This paper focuses on one particular student, 18-year-old David (pseudonym). We chose David for the SRI because he had found different solutions to the problem, which provided multiple opportunities to talk about his eye movements and their interpretation in the SRI. Second, the ET data gathered in David’s case had very good quality: His eye movements were tracked accurately and reliably over the whole time span of his work on the problem. Third, during the project span, David appeared to be strong in explaining his ideas and thoughts and very interested in mathematics. He continued working in his free time and emphasized enjoying mathematics problem solving and reading mathematics books during leisure time. During the project, it turned out that David was strong in seeing and making connections between different problems, properties, representations, and different areas of mathematics. Likewise, he was able to generalize solutions and abstract from concrete situations to more general sets of problems.

The experiment was conducted by two researchers: the first author of this paper and another researcher (referred to as “Raj” (pseudonym) in David’s utterances), both experienced in working with this particular eye tracker. Before David worked on the problem, he put on the ET glasses and underwent a calibration procedure on a notebook screen, which took approximately 3 mins. The problem was presented on paper on a solid book stand, allowing David to write and draw without constraints. For analysis reasons, he was asked to change pen color after every completed solution. He was asked to finish after 15 mins, and finally stopped after 17:30 mins.

3.2 Eye tracker and analyzed ET data

For this study, we used ET glasses, which allow students to draw and write in paper-and-pencil geometrical problems, similar to what they are used to from prior experiences. We chose the headset Pupil Pro (Kassner, Patera, & Bulling, 2014), which is easy to set up and use, and currently more affordable than many other ET devices. Pupil Pro is relatively unobtrusive (below 100 g) except for the fact that it needs to remain connected to a standard computing device (e.g., notebook). Pupil Pro captures an HD video stream of the scene. The gaze point is mapped onto the scene image with a transfer function that needs to be calibrated before the eye tracker is used. Under ideal conditions, gaze estimation accuracy is 0.6° (Kassner et al., 2014). In our experiments, the accuracy was 1.5° on average.

In our study, we use raw data: eye movements as displayed in gaze-overlaid videos. Even though analyzing eye movement data predominantly narrows down to the analysis of fixations (moments when the eye remains relatively still (approximately 200 ms up to seconds)) and saccades (quick eye movements (approximately 30–80 ms) in between fixations) (Chen, 2011; Holmqvist et al., 2011), it is beneficial to use rich raw data because all eye movements are considered without relying on a specific oculomotor event detection algorithm.

3.3 Stimulated recall interview based on gaze-overlaid video

SRI is, as pointed out by Lyle (2003), a research method “through which cognitive processes can be investigated by inviting subjects to recall, when prompted by a video sequence, their concurrent thinking during that event” (p. 861). Similarly, we wanted to study David’s mental processes based on the stimulus of the gaze-overlaid video of his own problem solving.

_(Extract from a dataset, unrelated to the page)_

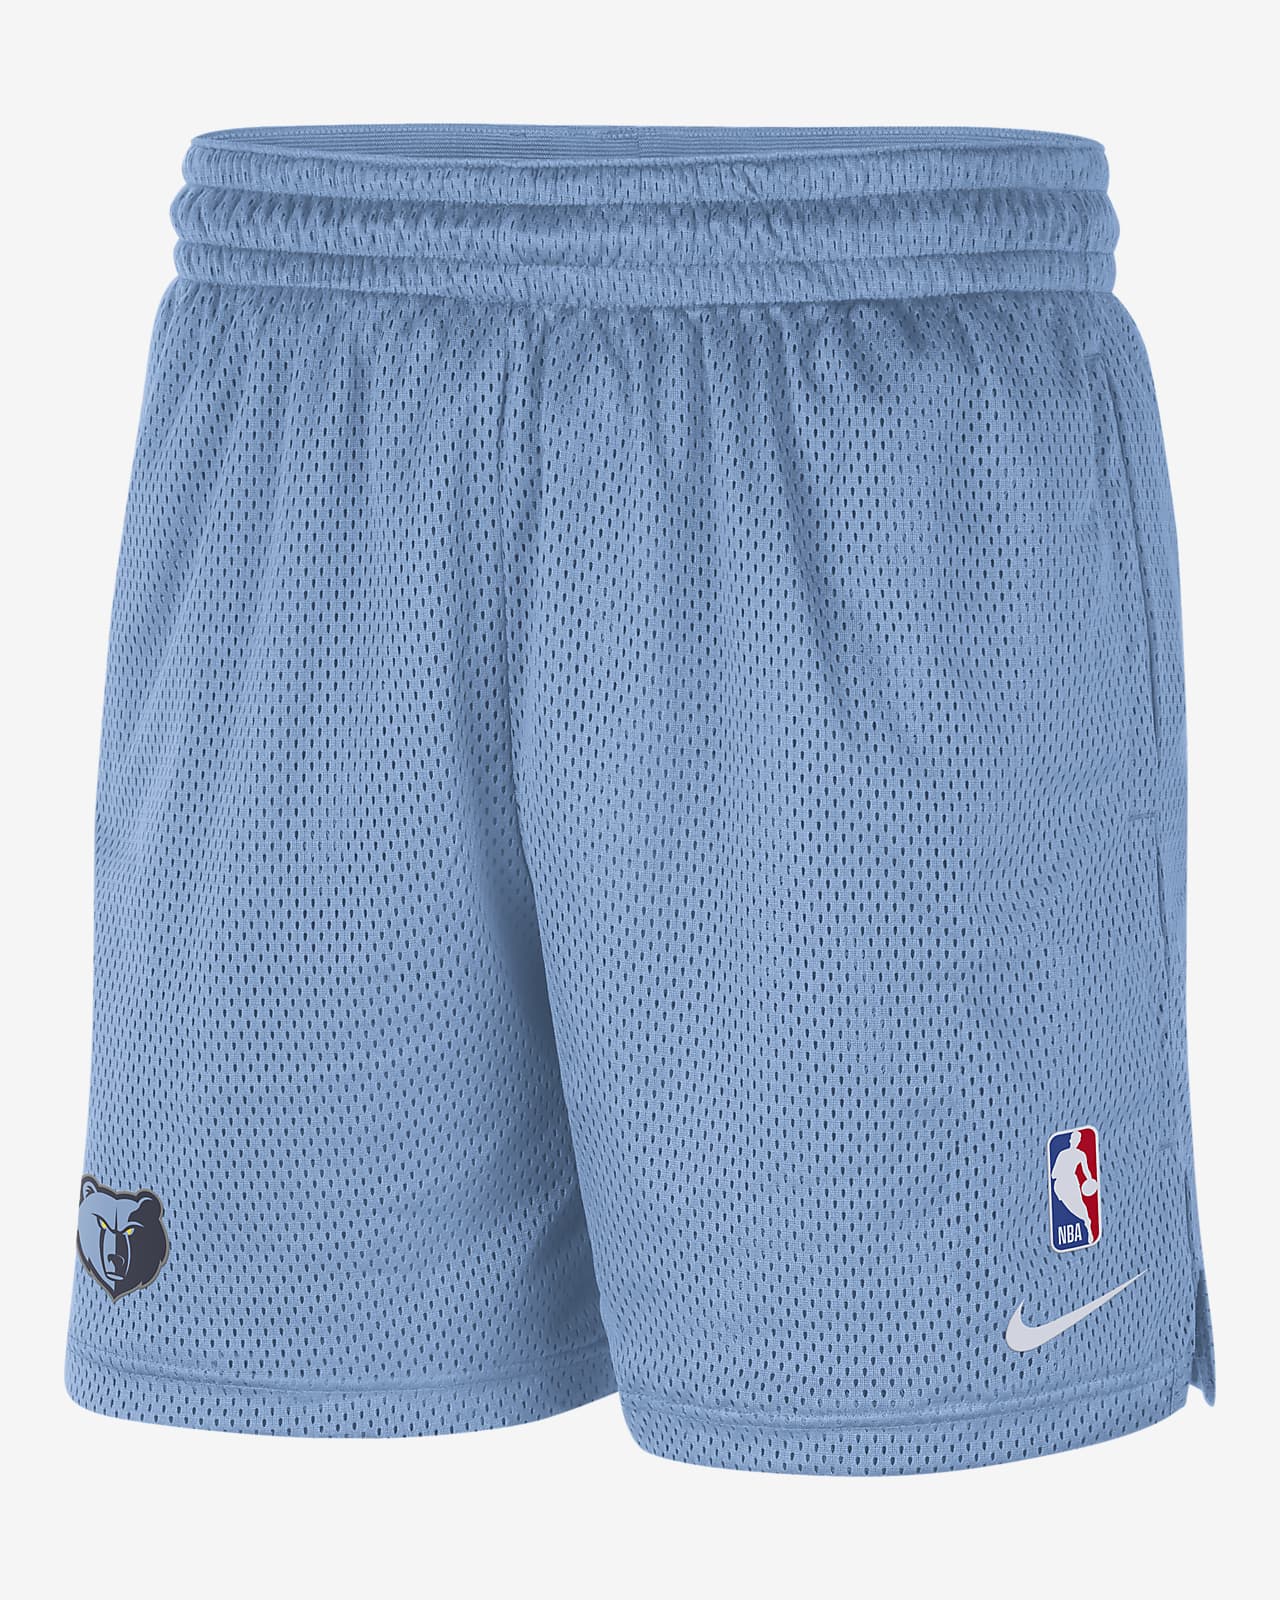 Shorts Nike NBA para hombre Memphis Grizzlies

The key idea of SRIs is to provide reflection-aiding stimuli to overcome the drawback of introspective methods that may suffer from a lack of memory. As Stickler and Shi (2017) point out, providing a gaze-overlaid video as stimulus is—similar to “regular” SRI—supposed to aid reflection. However, gaze-overlaid videos may allow accessing deeper levels of reflection. Stickler and Shi point out that gaze-overlaid videos as stimuli make eye movements visible, which were typically not conscious for the student and not visible for the researchers to begin with. Still, those eye movements were there—and the student unconsciously “saw” them through conducting them. Gaze-overlaid videos provide a strong stimulus for SRIs in which the student can perceive their own eye movements consciously in addition to the “regular” video.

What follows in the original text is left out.